A first jab Miriam couldn’t resist, though she knew she shouldn’t jab. “I thought you were the bookkeeper—the brains of Sol’s operation.”

“In the early years I was side by side with the workers soaking in that piss. That I was the only one who could answer a phone in proper English or add a column of numbers accurately didn’t put me one step above the delivery boys or for that matter the horses dragging the carts. All so you could have the opportunity to attend the finest public university in the world, a privilege the historical rarity of which you couldn’t be expected to understand since you’ve neglected every chance of learning the way the world works, the way the present world, rather than coming into being unprecedented, is in fact a product of history. You’d rather learn the way a man’s schlong works, seemingly. You’d rather attend the college of sexual intercourse!” Rose’s speckled chest was aflame with rage and inspiration, a blush creeping to those breasts barely covered and jostling obscenely for her punctuation. They now appeared scalded, pink moons in the darkened bedroom. Rose detected their bobbing herself and seized them with her hands, enlisted them in her tableau. “Here’s your result, it’s
staring you in the face if you hadn’t noticed. He sticks it in you and you become bloated with a child, your body is warped into a battlefield, then enslaved in servitude, the reward for which is a daughter who’ll declare herself done with college at seventeen years of age. A finished product, it seems. Look at you!”
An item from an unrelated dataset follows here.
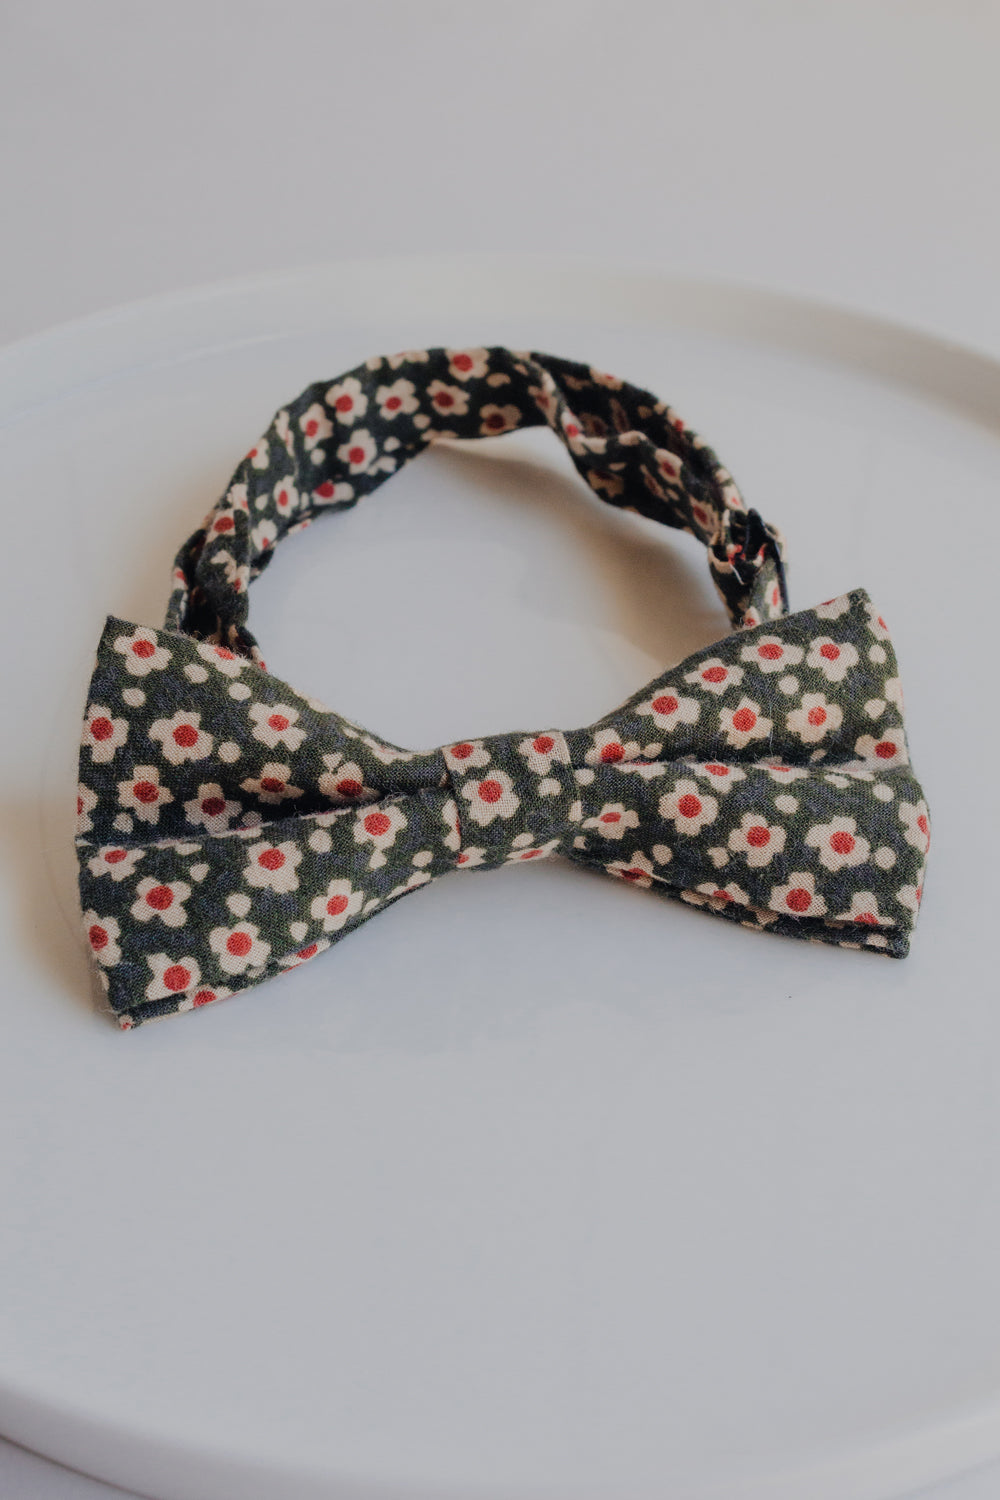 Small Flower Bow Tie
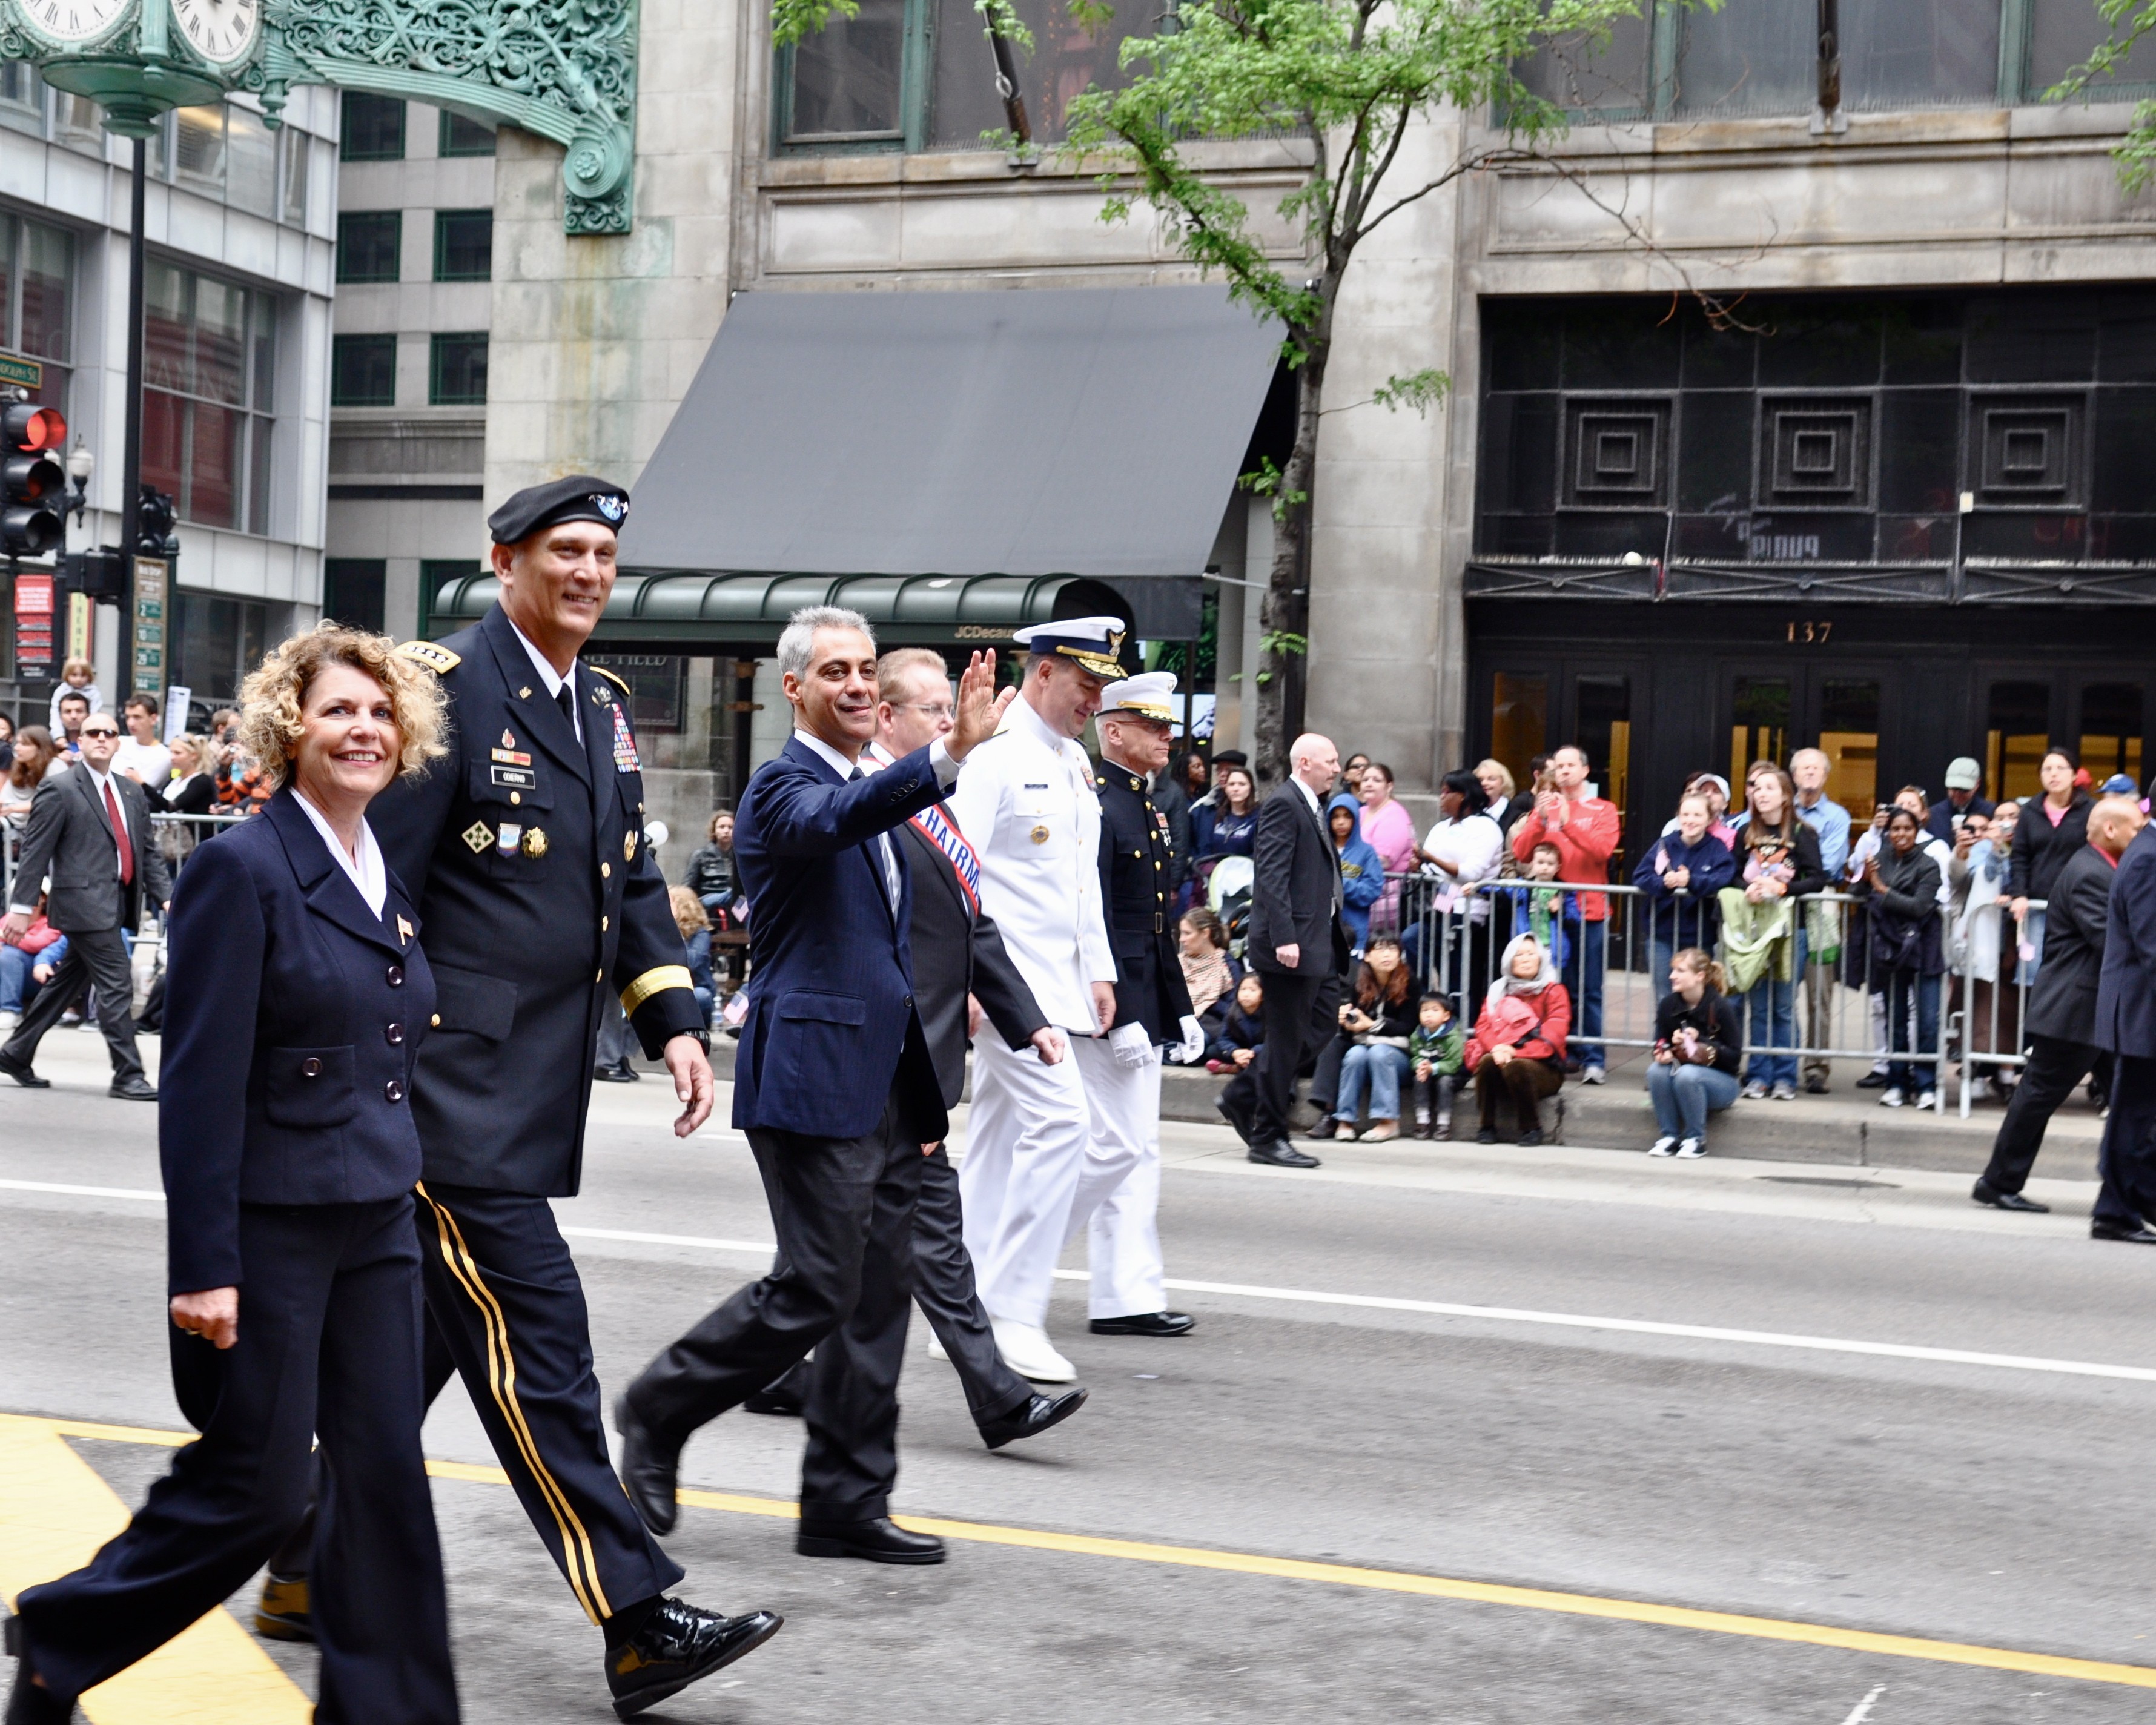 Chicago Memorial Day Ceremony and Parade Article The United States Army

If Rose was the Red Queen and Miriam Alice, then Miriam’s desired chess move would be to avoid at all costs the squares Rose had titled, absurdly,
intercourse
and
pregnancy
. The nearer to matters of the female body, two examples of which were combustively present between them at this instant, the more irrational (if degrees of
rationality
could even be invoked in this asylum atmosphere), the more combustible Rose would certainly become. No, Miriam had to leap at what looked like possible exits from this territory: Jump to the square marked
college education
. Matters of the mind. Get Rose thinking in abstractions—the illuminations of Marxism, the betrayals of Stalinism and horrors of Hitlerism, the mercy of Lincolnism, the splendors of American freedom, the rapture of public libraries or honest policemen or Negroes and whites together enjoying Central Park—and Miriam might be halfway home. And, while at it, dress one of those two combustible female bodies, the one Miriam had the power to dress. Let Rose be naked, if she so chose.

Therefore even as Miriam began to speak in what she hoped were soothingly reasonable tones, she backed in her Statue of Liberty bedspread out of Rose’s bedroom and began groping in her chest of drawers for the rudiments of a fresh outfit. “Mother, I know it’s a terrific system but you have to realize that Queens College isn’t exactly the same as the Manhattan campus. For me it’s like being stuck with the same faces from high school.”

“The sons and daughters of other good working-class families to which you’re ashamed to admit you belong among?”

“I’m not alone, Rose. It’s only the squares who aren’t rushing over to MacDougal Street the minute class is over. I learn more in one bull session in Washington Square Park than I ever did at Queens College.”

“Ah, only
squares
? Listen to you. Despite the beatnik talk I don’t miss your implication for the rest of us. What licenses you to judge so severely?”

“You’re telling me you don’t sort the world into those with and without a clue, Rose? Would you prefer if I used your word—
sheep
?”

“So these sophisticates flee the minute class is over, yet
you’re
the one who couldn’t wait even that long. By destroying your studies you’ve squandered your option to transfer to City, if you’re so eager to be away from me, and travel to Harlem to get into the company of the big obnoxious Jews up there. You need a famous atmosphere or you’re bored, is that it?” Rose, her robe now tightened again around the ruined nightdress, had followed Miriam to her doorway. She seemed magically calmed, if it was safe to believe it could happen so quickly.